== REQUIRED WORK ==
Retype the lines below exactly, but only those from the line that has "FADFAY Tropical Dorm Bedding (5-Piece)" through the line that has "ISHA Cosmetics Henne de Rajasthan". Omit every picture.

== SOURCE MATERIAL ==
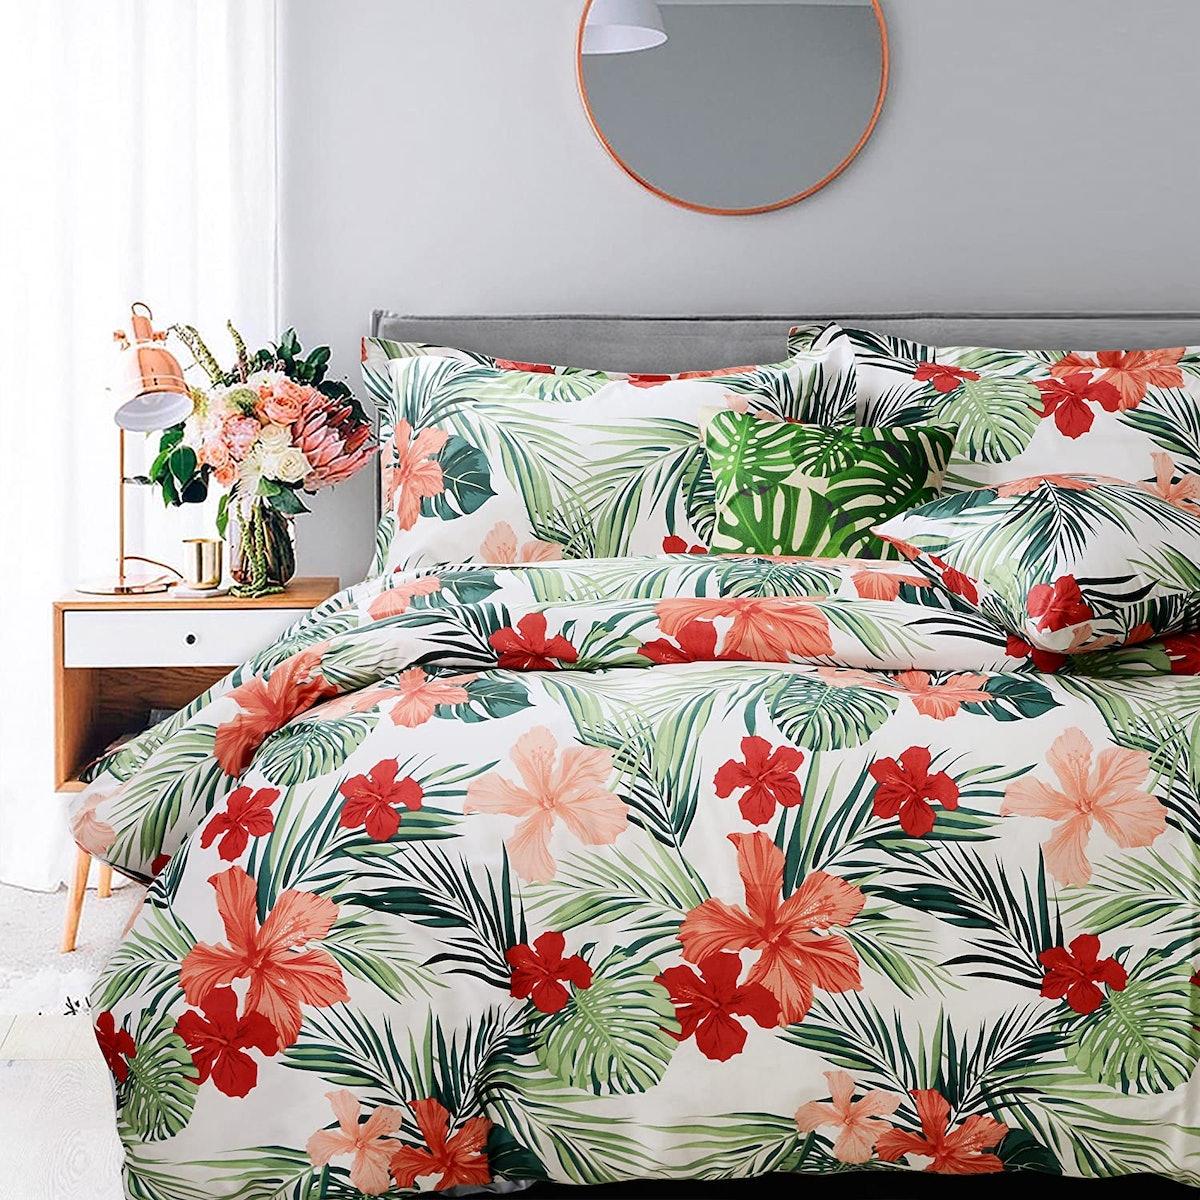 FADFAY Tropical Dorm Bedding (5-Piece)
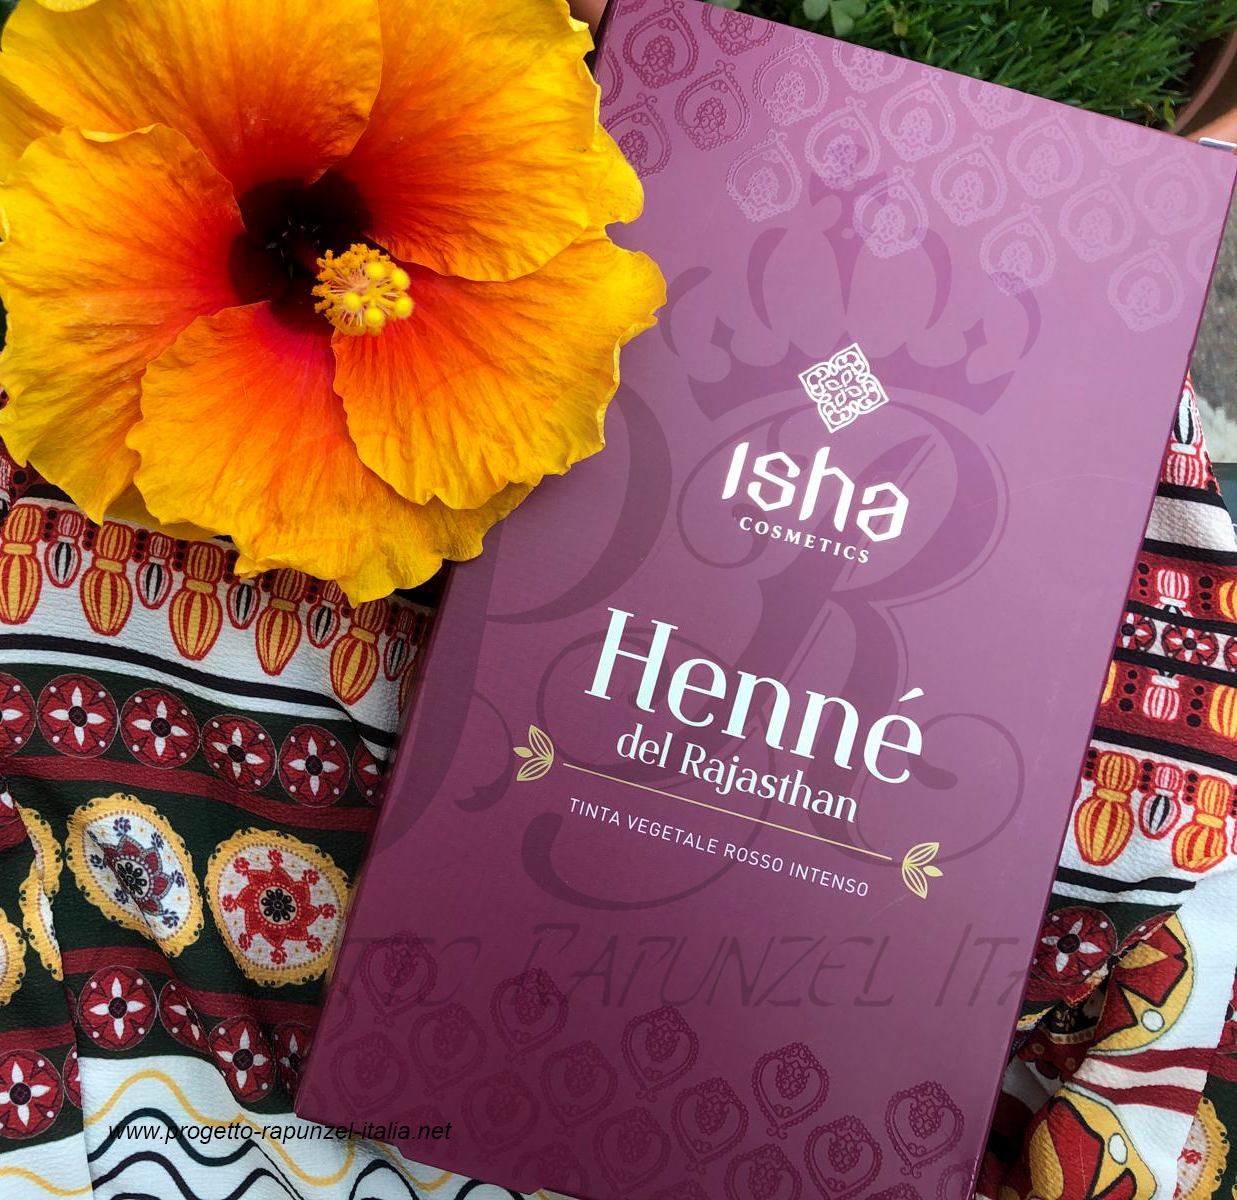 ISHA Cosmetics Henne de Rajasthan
==
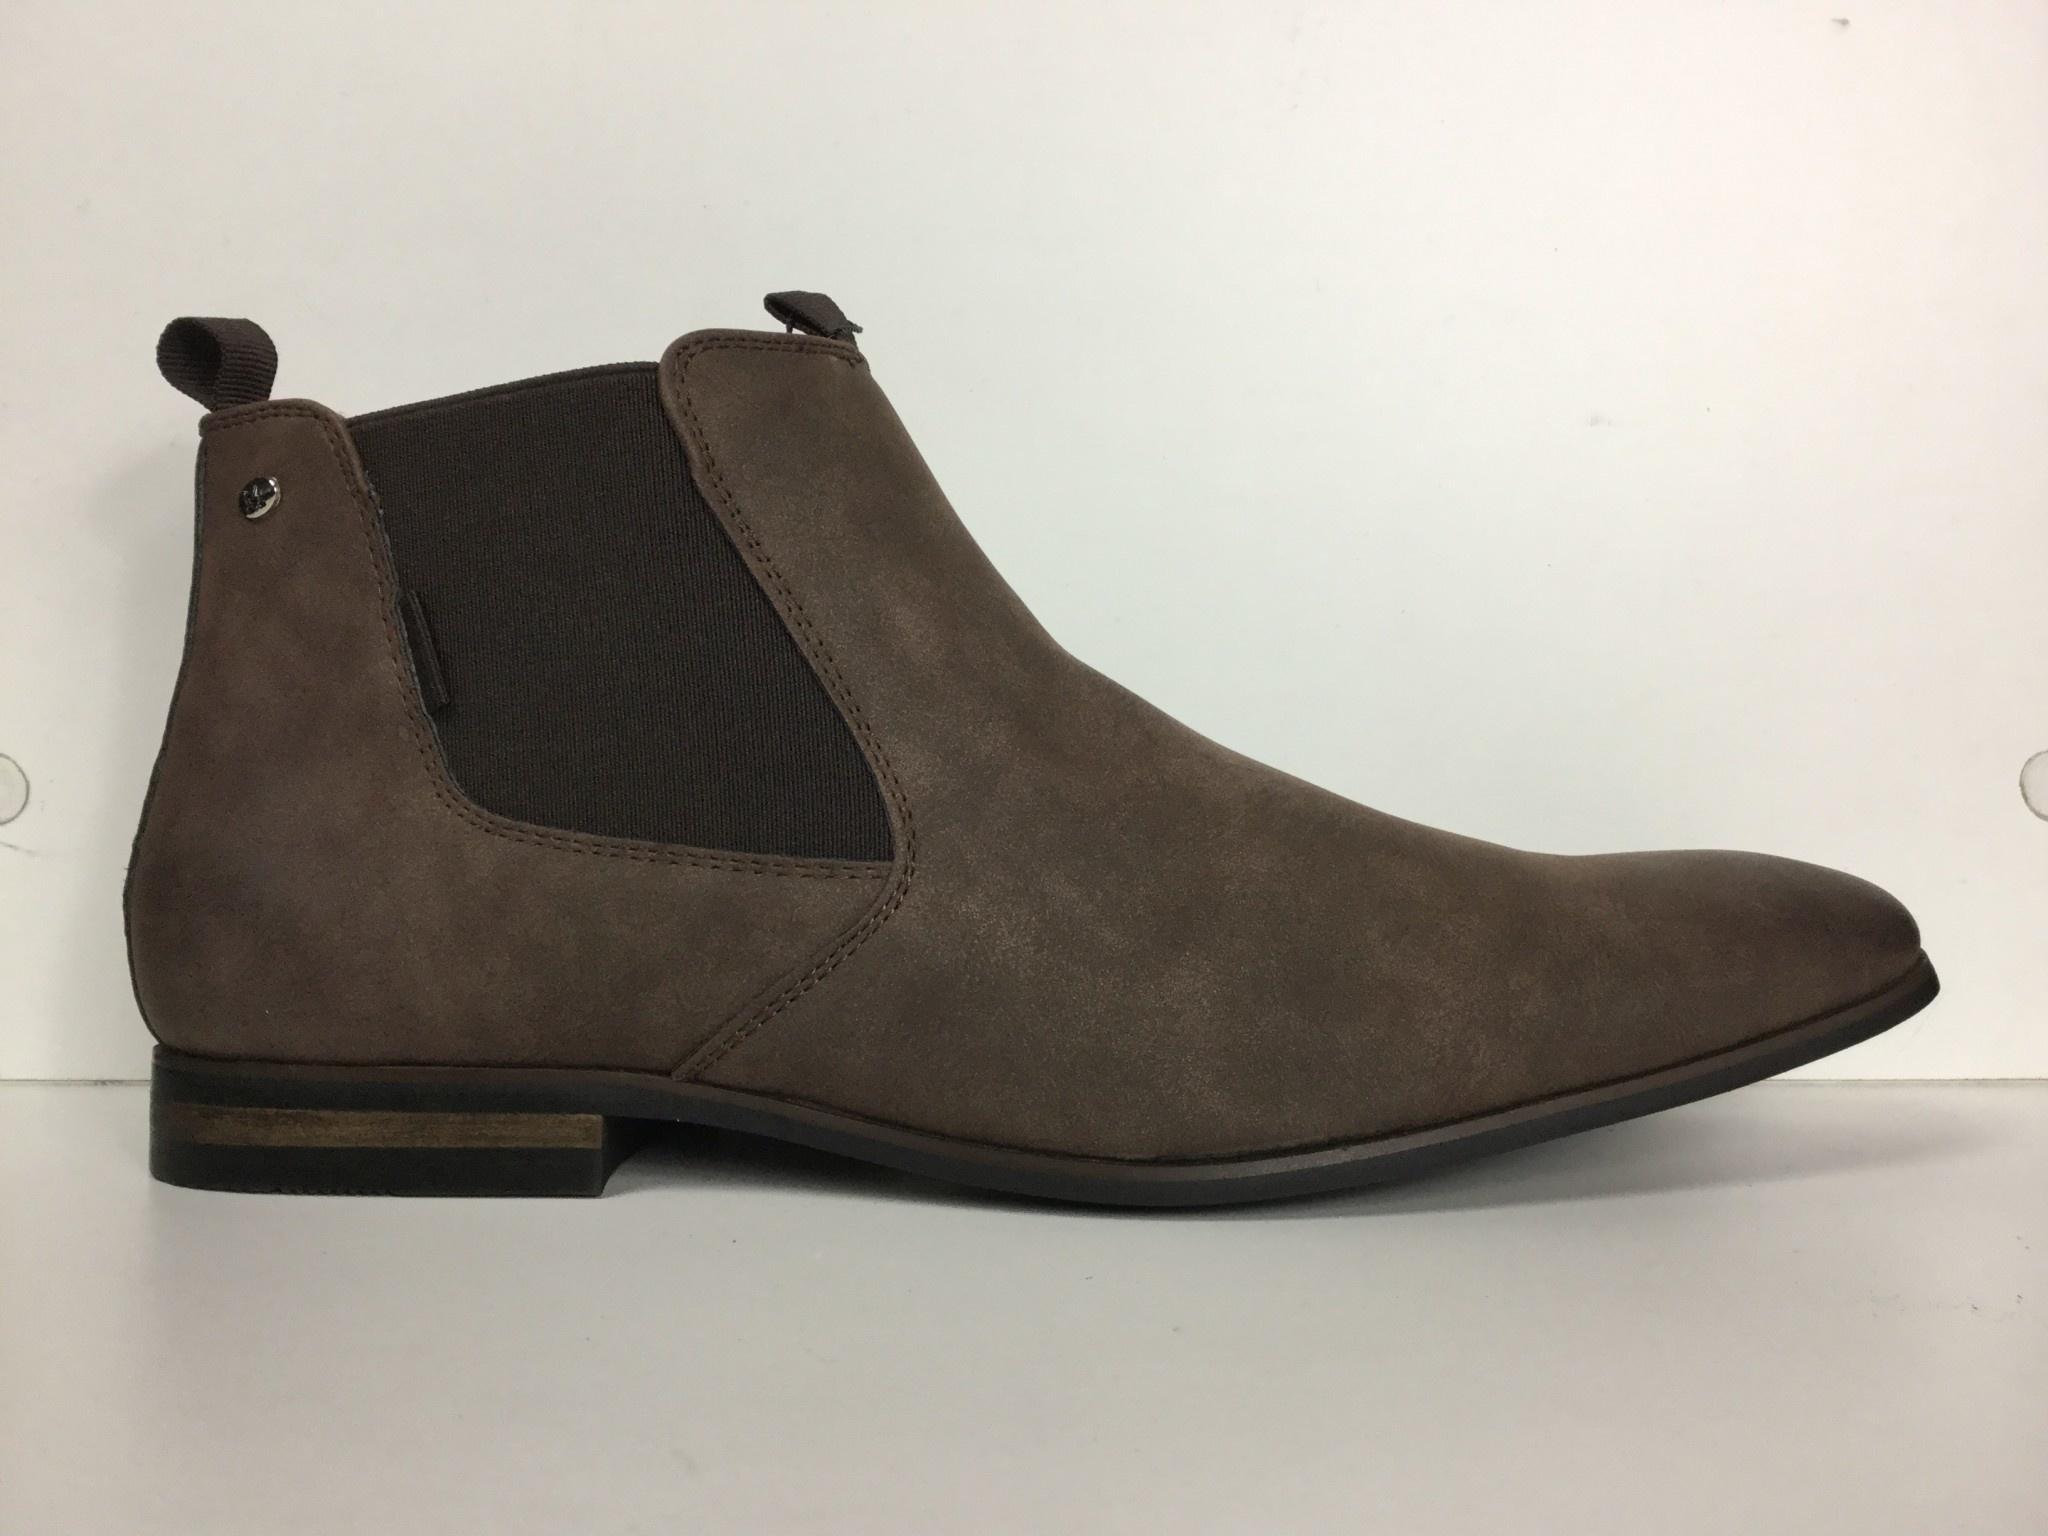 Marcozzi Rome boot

== FINAL ANSWER ==
 FADFAY Tropical Dorm Bedding (5-Piece)
 ISHA Cosmetics Henne de Rajasthan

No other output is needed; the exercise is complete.